これだけの規模の国際会議だから、出会いと再会がどうしようもなく繰り返される。地下鉄の駅からソウル国立大学までは無料シャトルバスが運行されているのだが、なかなか来ない。これも仕組まれた巧みな演出なのだろうか、結局みな痺れを切らしてタクシーに相乗りすることになり、車内で各国の哲学研究者のあいだで話が弾む。「デリダについて発表します」と告げると、この固有名に対して各人からさまざまな反応が返ってくる。「日本でもデリダは人気なんですか」「ああ、あなたはポスト構造主義者なのですね」「それでは、あなたは人間理性の普遍性など信じていないんでしょうね」……等々。また、先日UTCPと台湾大学の合同シンポジウムで東京で知り合った黄冠閔氏(中央研究院)や、過去にUTCPで招聘した許示右盛氏(Kung Hee Univ.)とも談笑する機会を得た。

そして、最も嬉しかったのは、帰り道、地下鉄の駅入り口での学生ボランティア・スタッフたちとの出会いだった。
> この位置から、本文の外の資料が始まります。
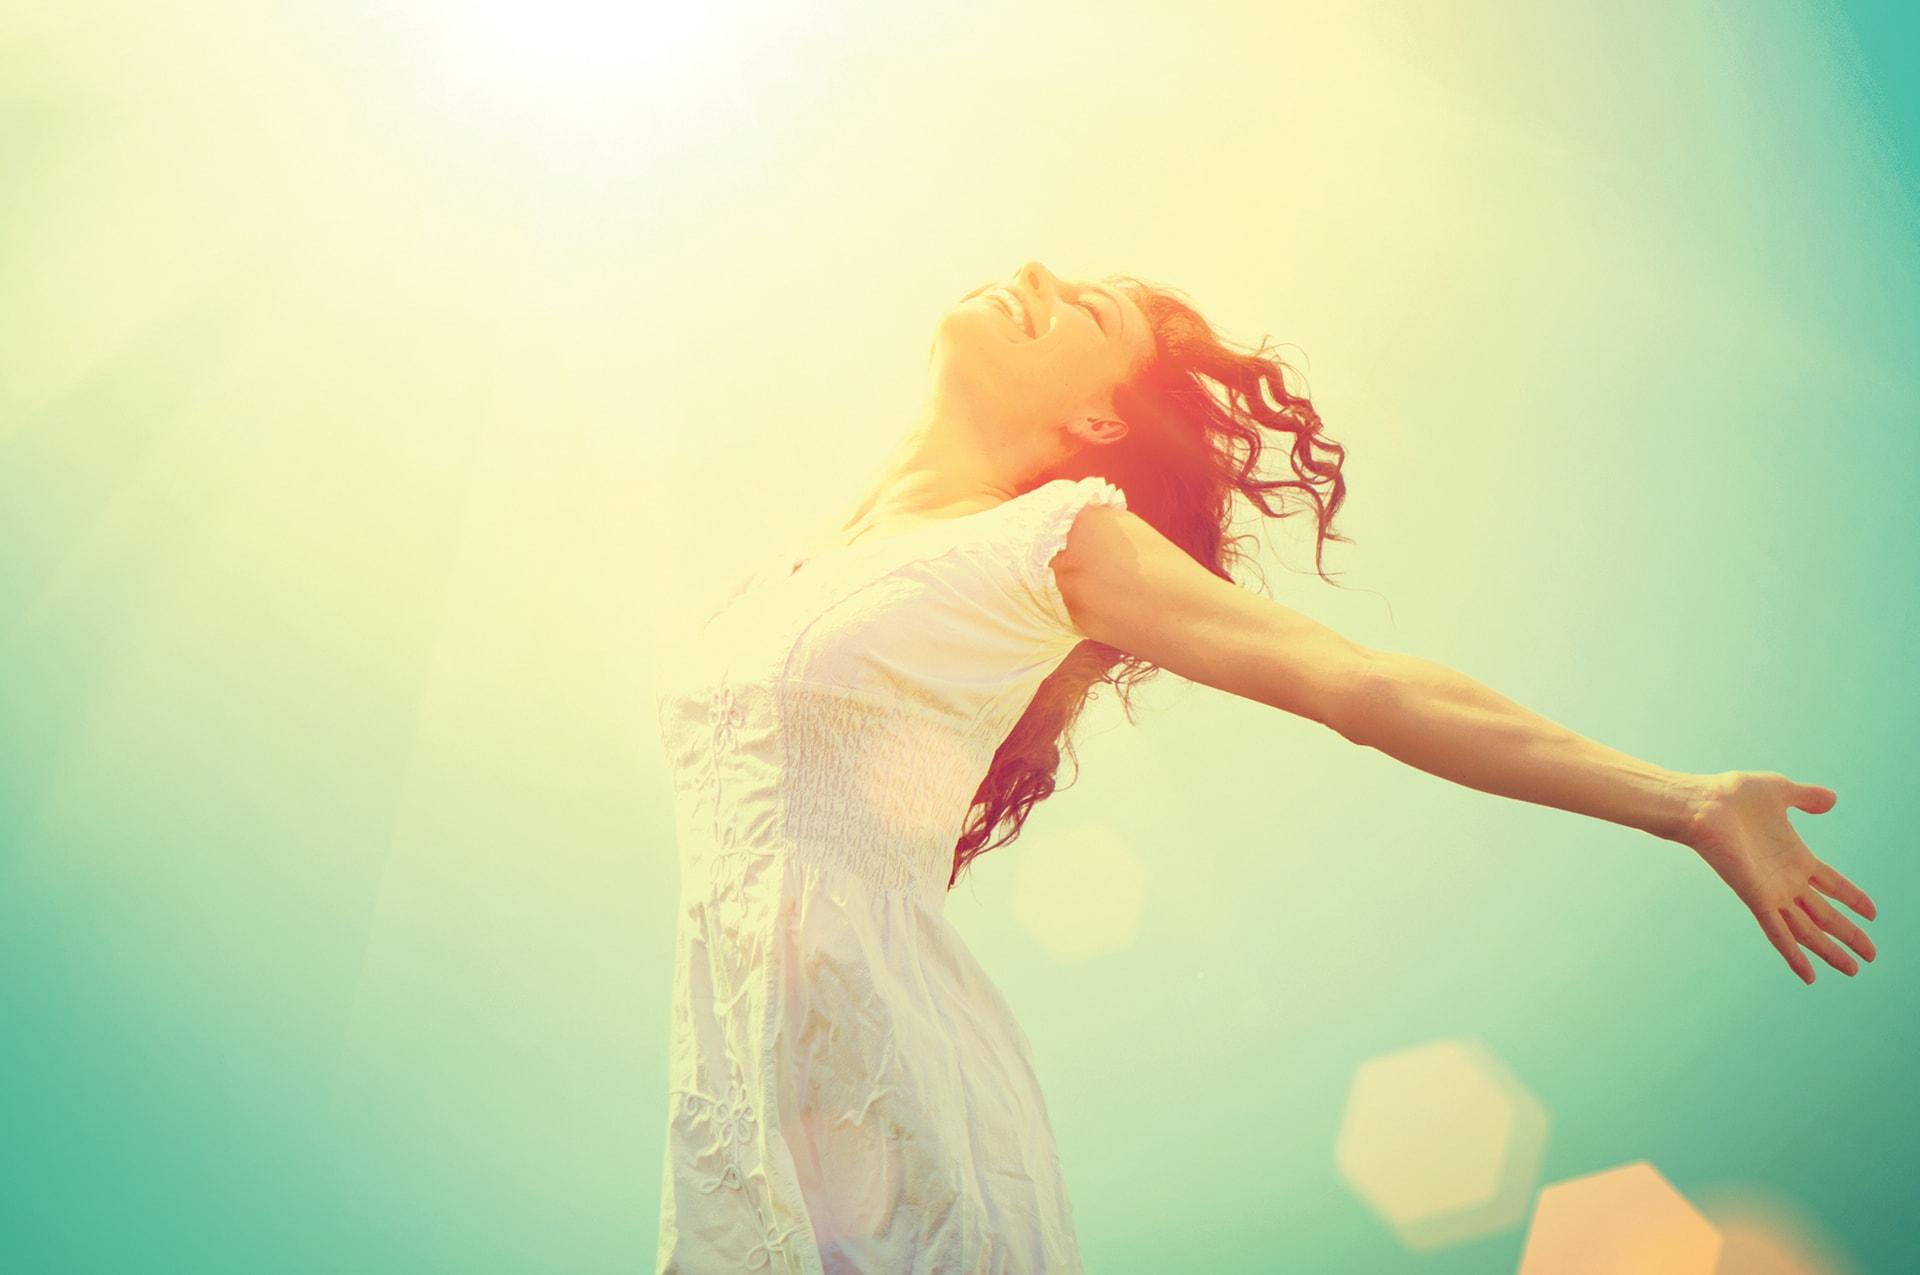 Reconecta con tu instinto y toma las riendas de tu energía. Empodérate. ¡Antumízate!

すぐさま意気投合し、信原幸弘氏をはじめとするUTCP関係者(ジョン・オデイ、ミシェル・ダリシエ)とともに一緒に韓国風食堂で交流会となった。韓国焼酎を飲みながら焼肉を食して共に語り合い、英語・仏語・韓国語・日本語が飛び交い、哲学的議論に始まって日本のアニメの話題まで、笑いと爆笑の絶えない時間が過ぎていった。

哲学をめぐる出会いはさまざまな時と場所で、さまざまな世代のあいだで花開くのであり、その歓喜はナショナリティを越えて実に際限がない。